• _PROBLEM DETAILS_:
Should the listing contain images, exclude them; give the rest again exactly.

═══ DATA BLOCK

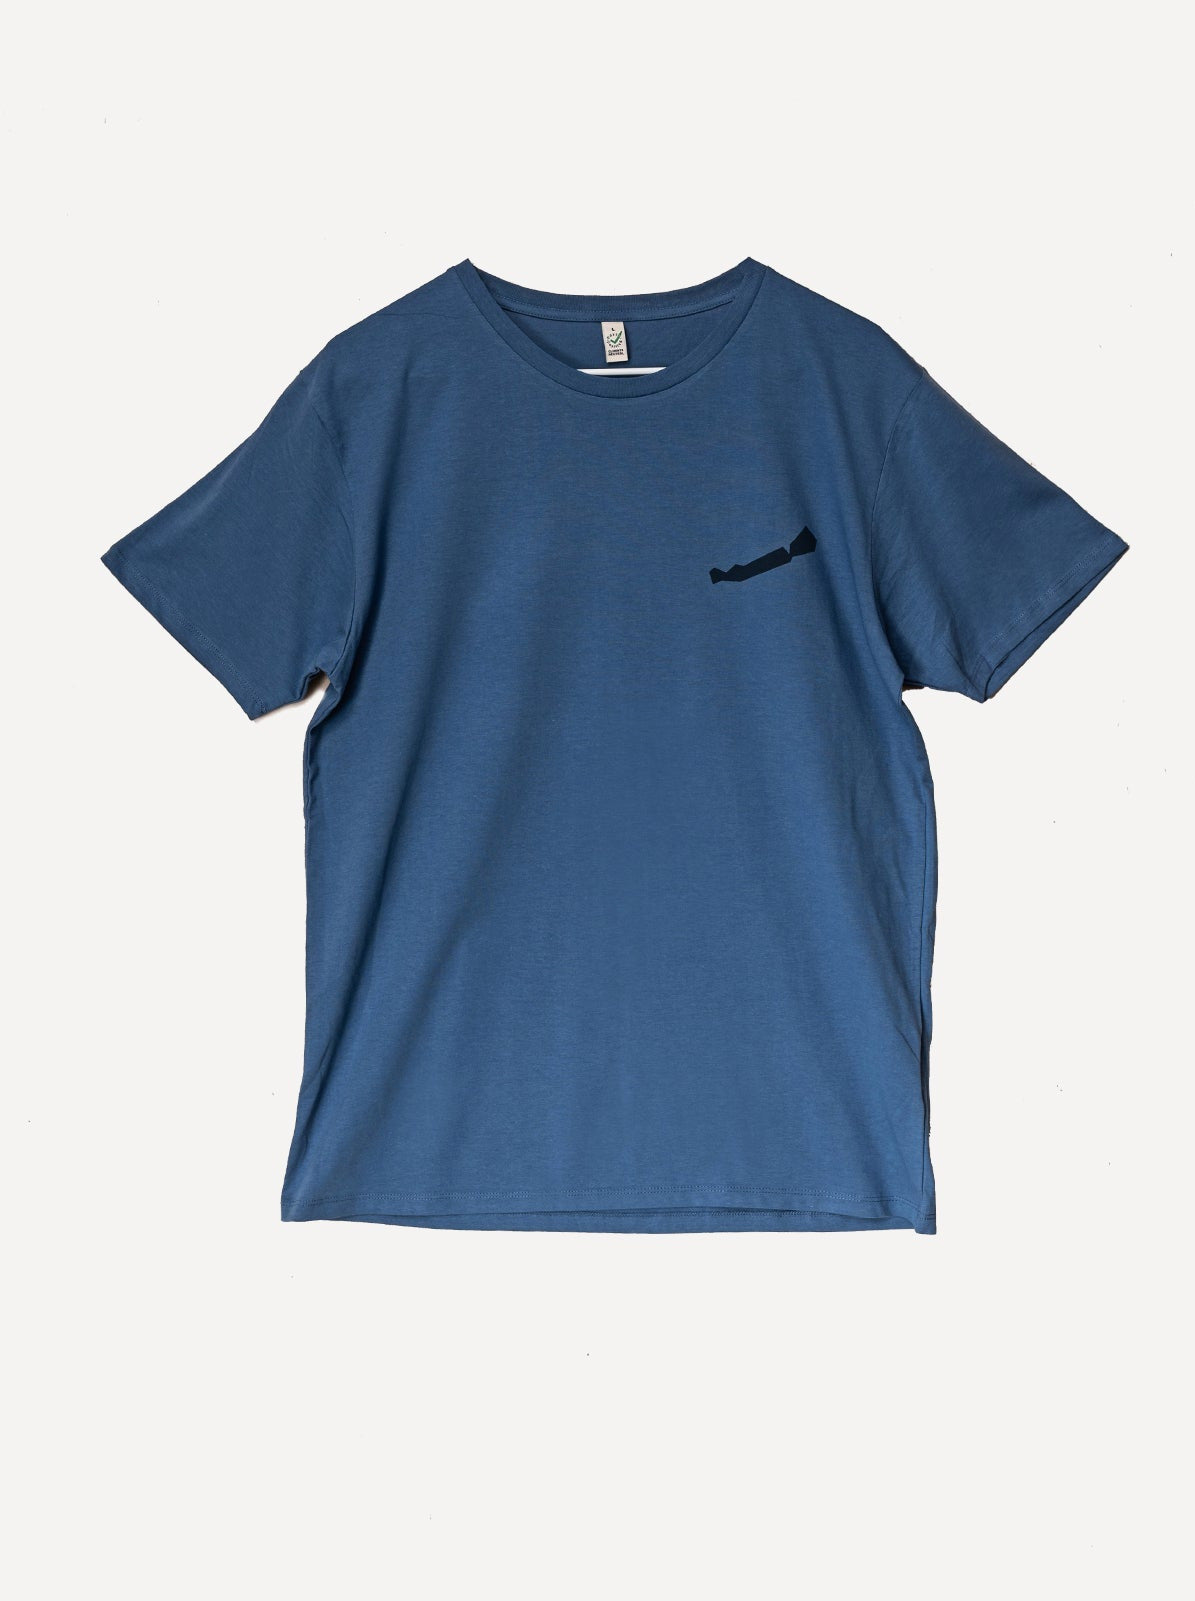 Blue men's t-shirt with Balaton circle pattern
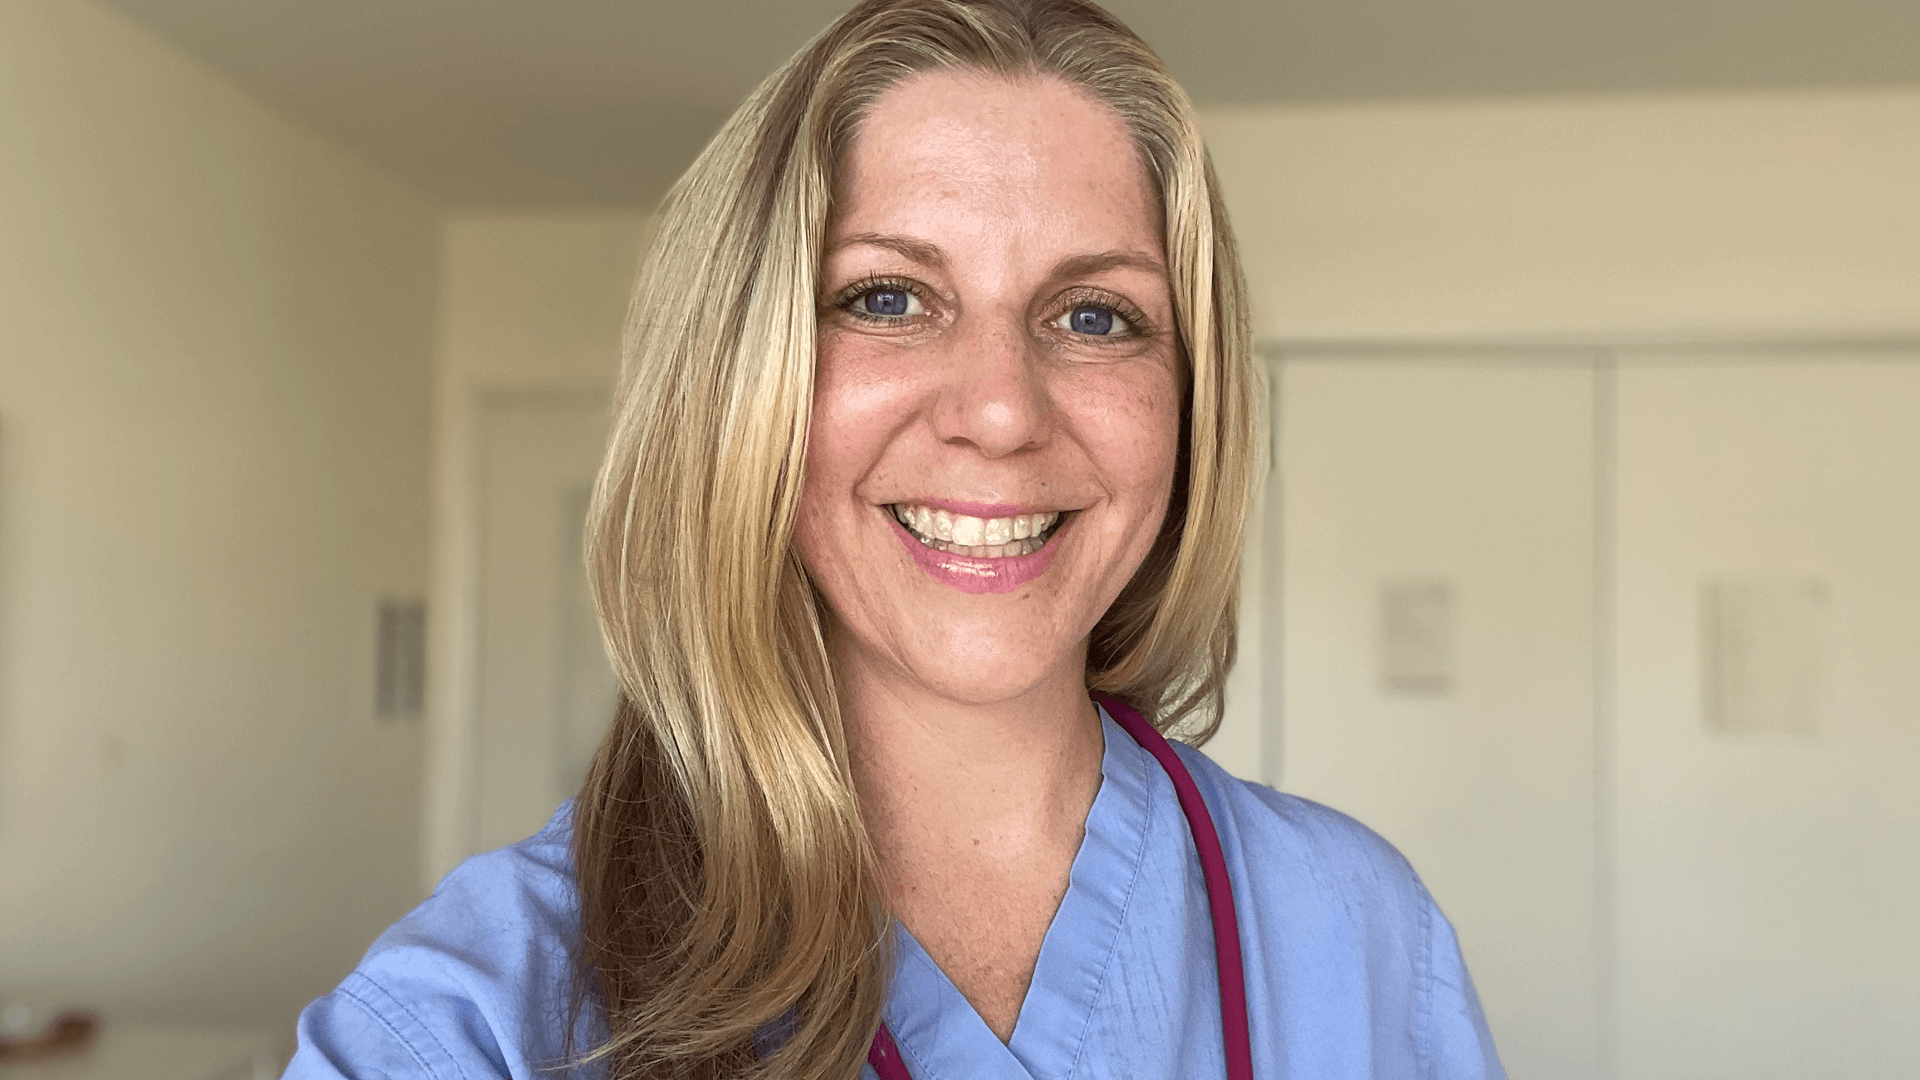 Hospice Nurse Takes to TikTok to Talk Openly About Death
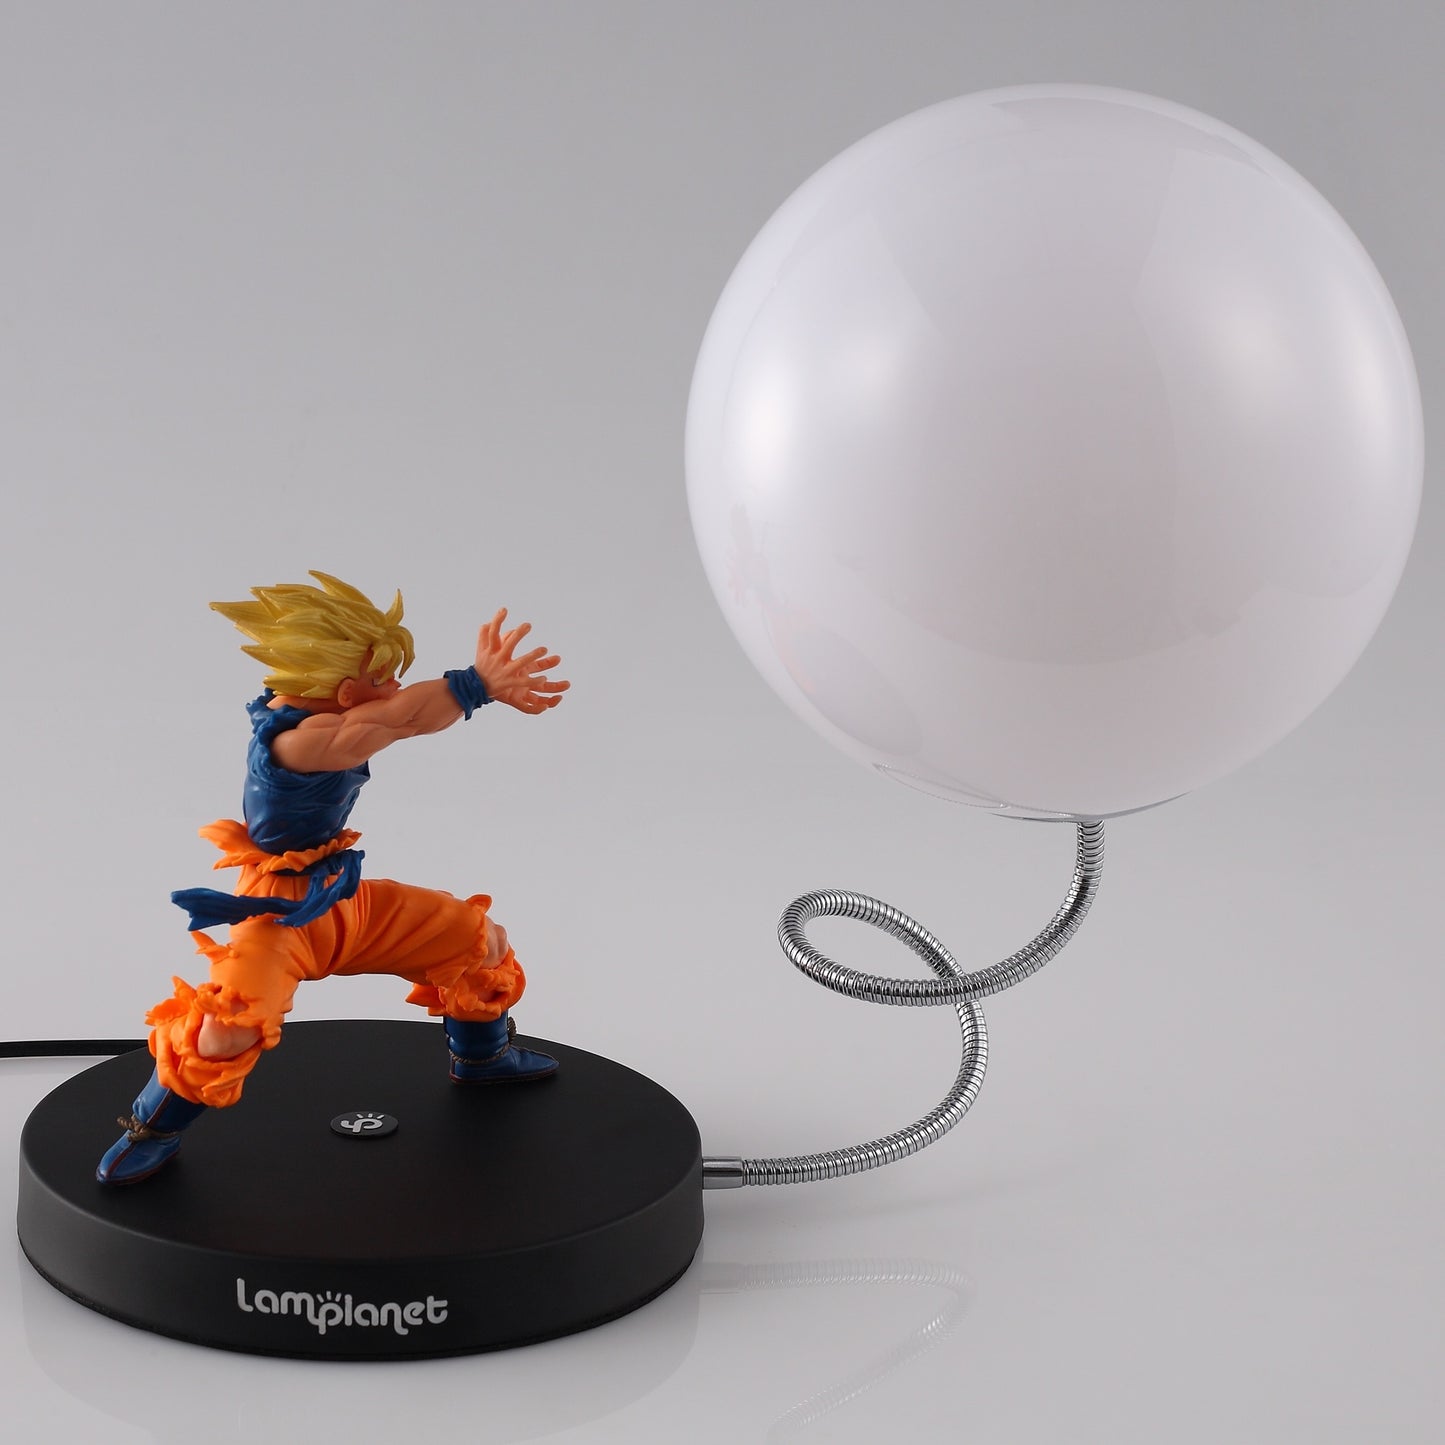 Dragon Ball Z Goku Kamehameha Lamp - Super Anime Store FREE SHIPPING FAST SHIPPING USA
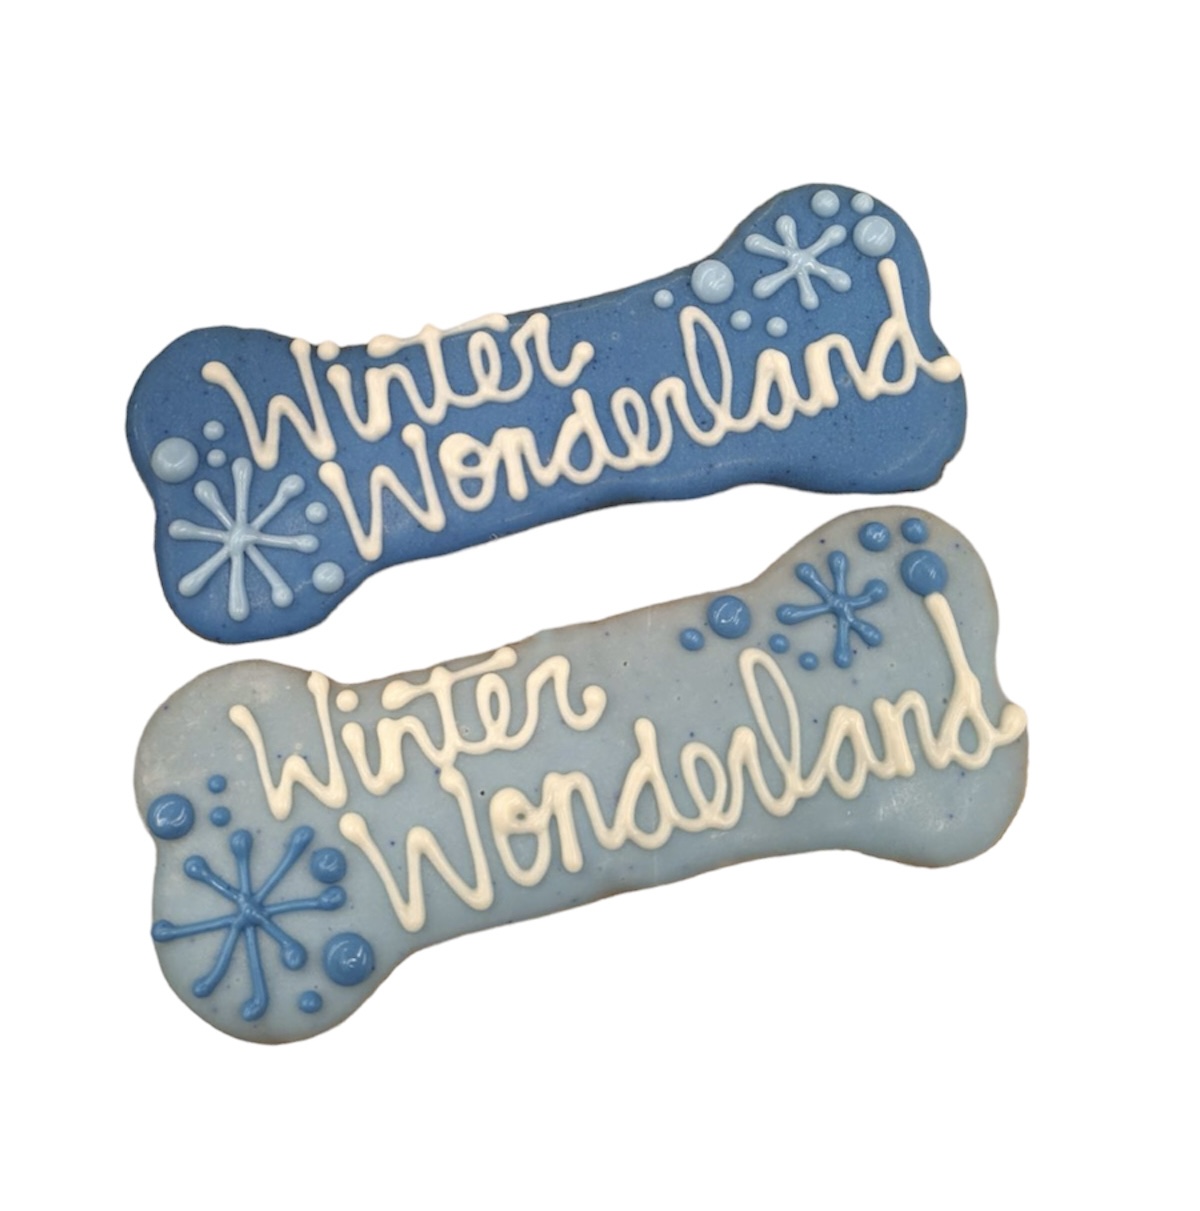 Winter Wonderland Bones - Tray of 10 *

══════

• _WORKED SOLUTION_:
 Blue men's t-shirt with Balaton circle pattern
 Hospice Nurse Takes to TikTok to Talk Openly About Death
 Dragon Ball Z Goku Kamehameha Lamp - Super Anime Store FREE SHIPPING FAST SHIPPING USA
 Winter Wonderland Bones - Tray of 10 *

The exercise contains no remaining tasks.